2.6. Measurement of Vascular Inflammation
The effect of blueberry supplementation on vascular inflammation in diabetic mice was assessed by monocyte binding to the aorta and the expression of inflammatory markers in the aortic vessel we have described with a few modifications [2,13,14]. Briefly, the segments of the abdominal aortae proximal to the iliac bifurcation were used to measure monocyte binding to the vasculature. The aorta was opened to expose the luminal endothelial layer and covered with EBM medium containing 1% heat-inactivated FBS for 10 min at 37 °C. Then, the medium was gently removed, and the exposed endothelium layer of the aorta was incubated with Calcein-AM-labeled mouse monocytic WEHI78/24 cells for 30 min. The unbound monocytes were removed from the aorta by gentle washing. Confocal microscopy was used to visualize and count the bound monocytes. Five images of five frames from each aorta were captured using an Olympus IX73 fluorescence microscope (Olympus, Tokyo, Japan). The vascular inflammation was also measured by determining the expression of inflammatory chemokines (MCP-1 and IL-8) and adhesion molecules (ICAM1, VCAM1, and E-Selectin) by qPCR using SYBR green as we described previously [2,13,14]. Briefly, total RNA was extracted from the aorta using RNeasy Plus mini kit, cDNA was synthesized using an RT-PCR kit, and the expression of inflammatory molecules was measured by qPCR using specific primers and SYBR green. The expression of the housekeeping gene GAPDH was used to normalize the expression.

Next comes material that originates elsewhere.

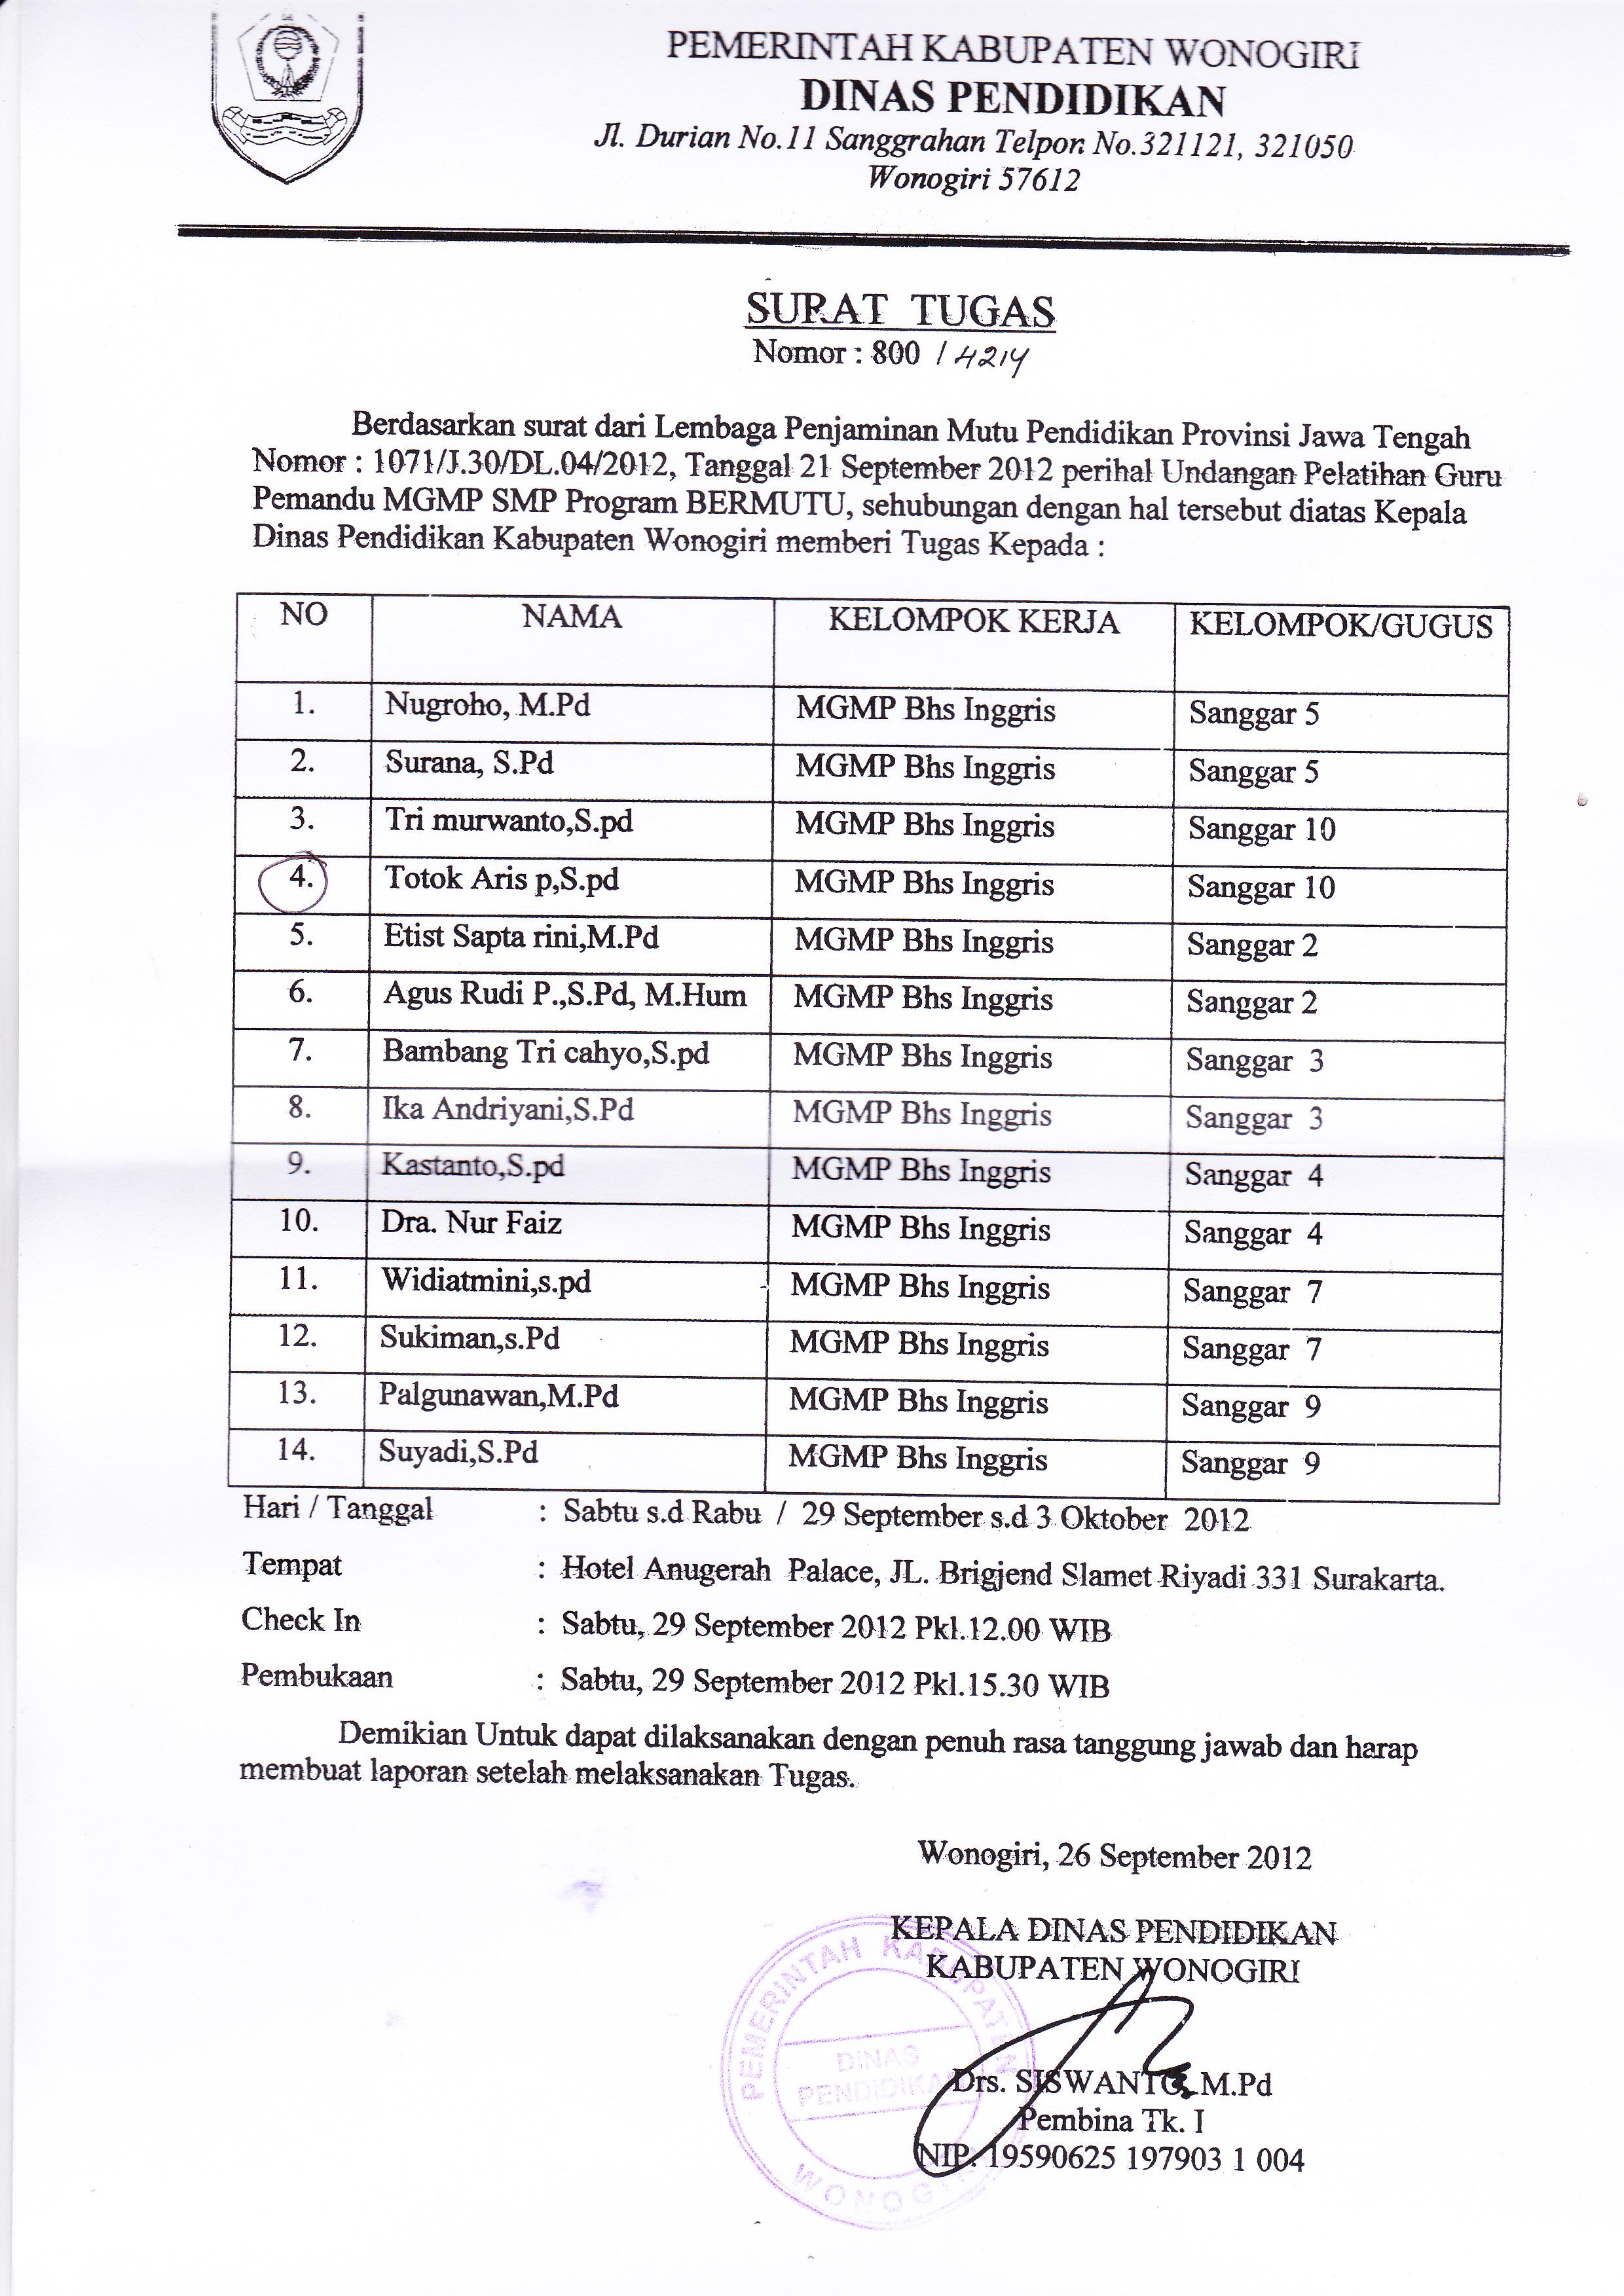 Surat Tugas Guru Pemandu Mgmp Bahasa Inggris Smp Kabupaten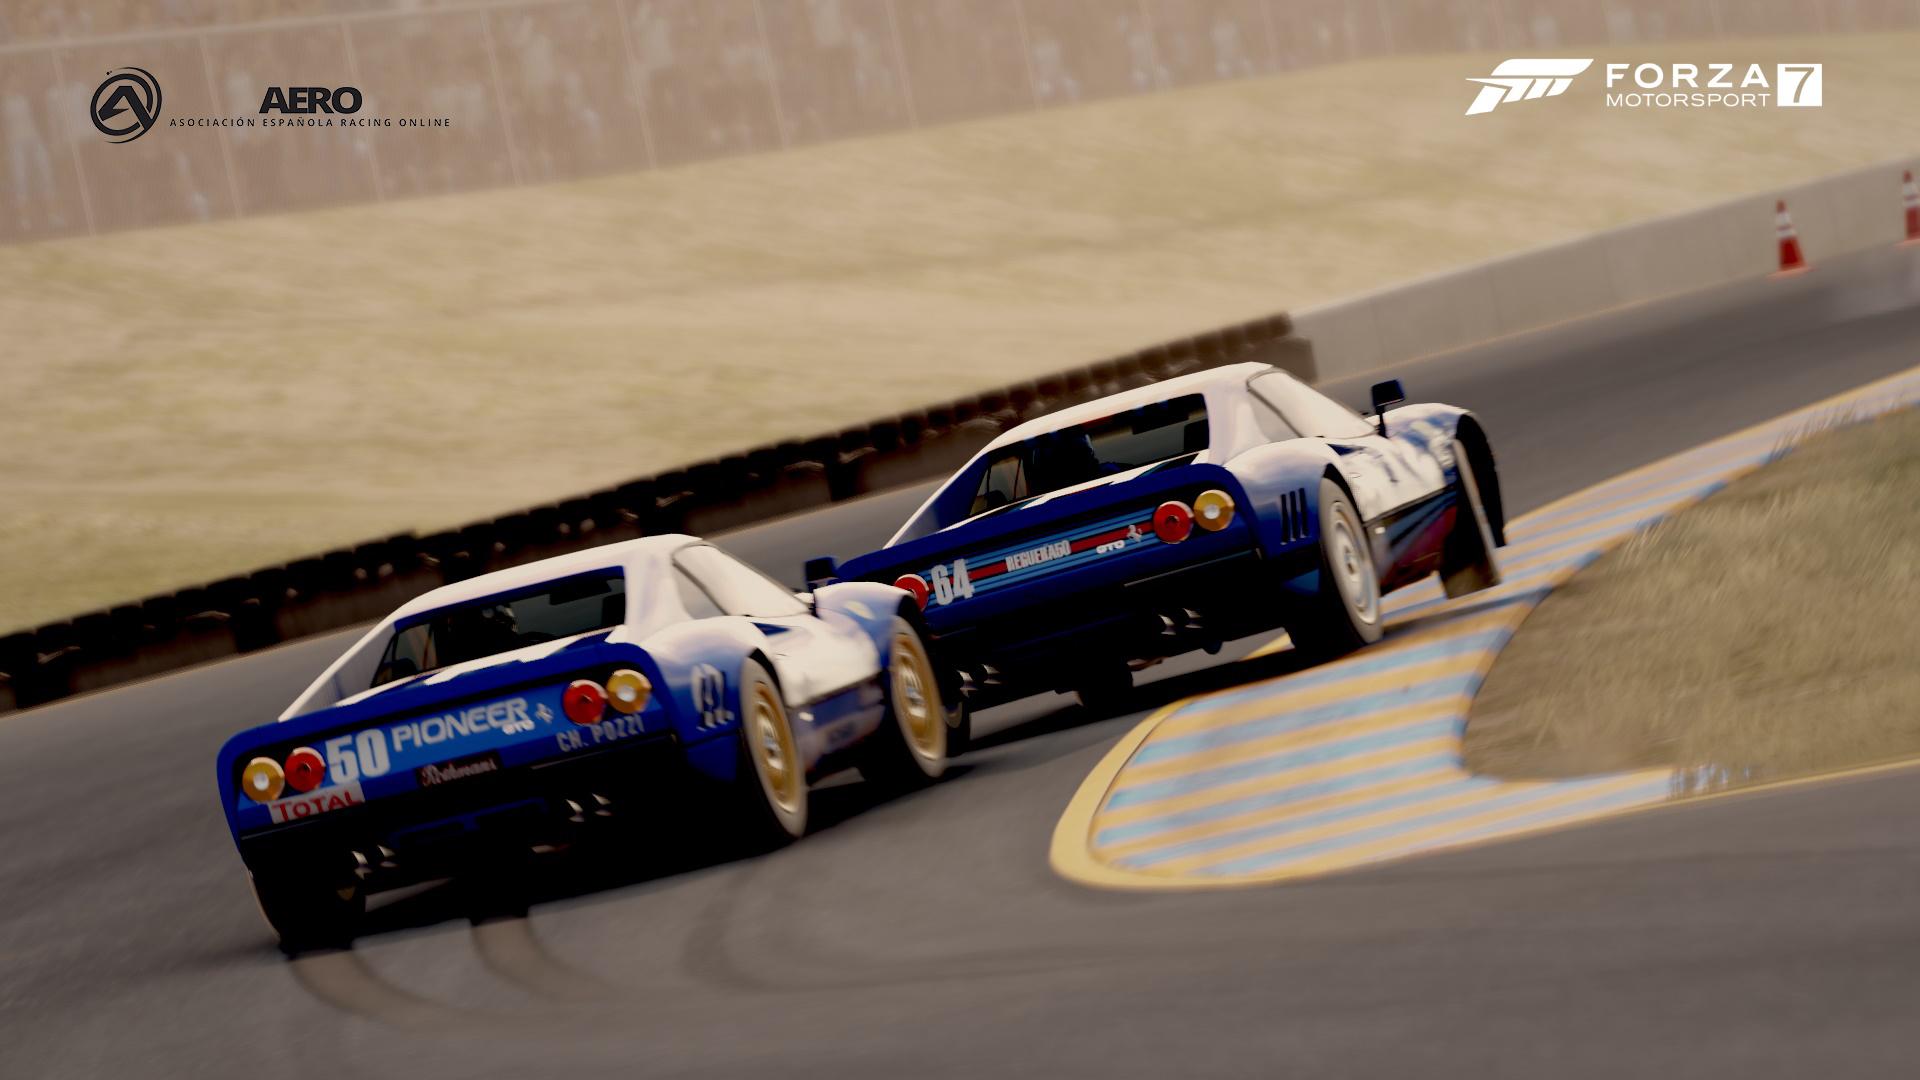 El sistema de regulación de carreras de Forza Motorsport 7 se cierra en marzo (BETA), lanzamiento público en Abril

2.7. Microbial Profiling Using 16S rRNA Amplicon Sequencing
Microbial community profiling was carried out using the 16 s rRNA amplification method as we described previously [14]. Bacterial DNA was extracted from the cecum contents using DNeasy PowerSoil Kit, and 50 ng of bacterial DNA was used to amplify the V4 variable region of the 16 S rRNA gene using 515F/806R primers. The primers (forward and reverse) were barcoded to achieve the multiplexing of up to 384 samples per run [15]. The pooled amplicons were then subjected to paired-end sequencing on the Illumina Miseq platform, utilizing a sequencing configuration of 2 × 250 bp. Approximately 30% of PhiX DNA was included in the sequencing run to improve sequencing quality. Raw sequences are available at the NCBI Sequence Read Archive (SRA) under accession no. PRJNA996159.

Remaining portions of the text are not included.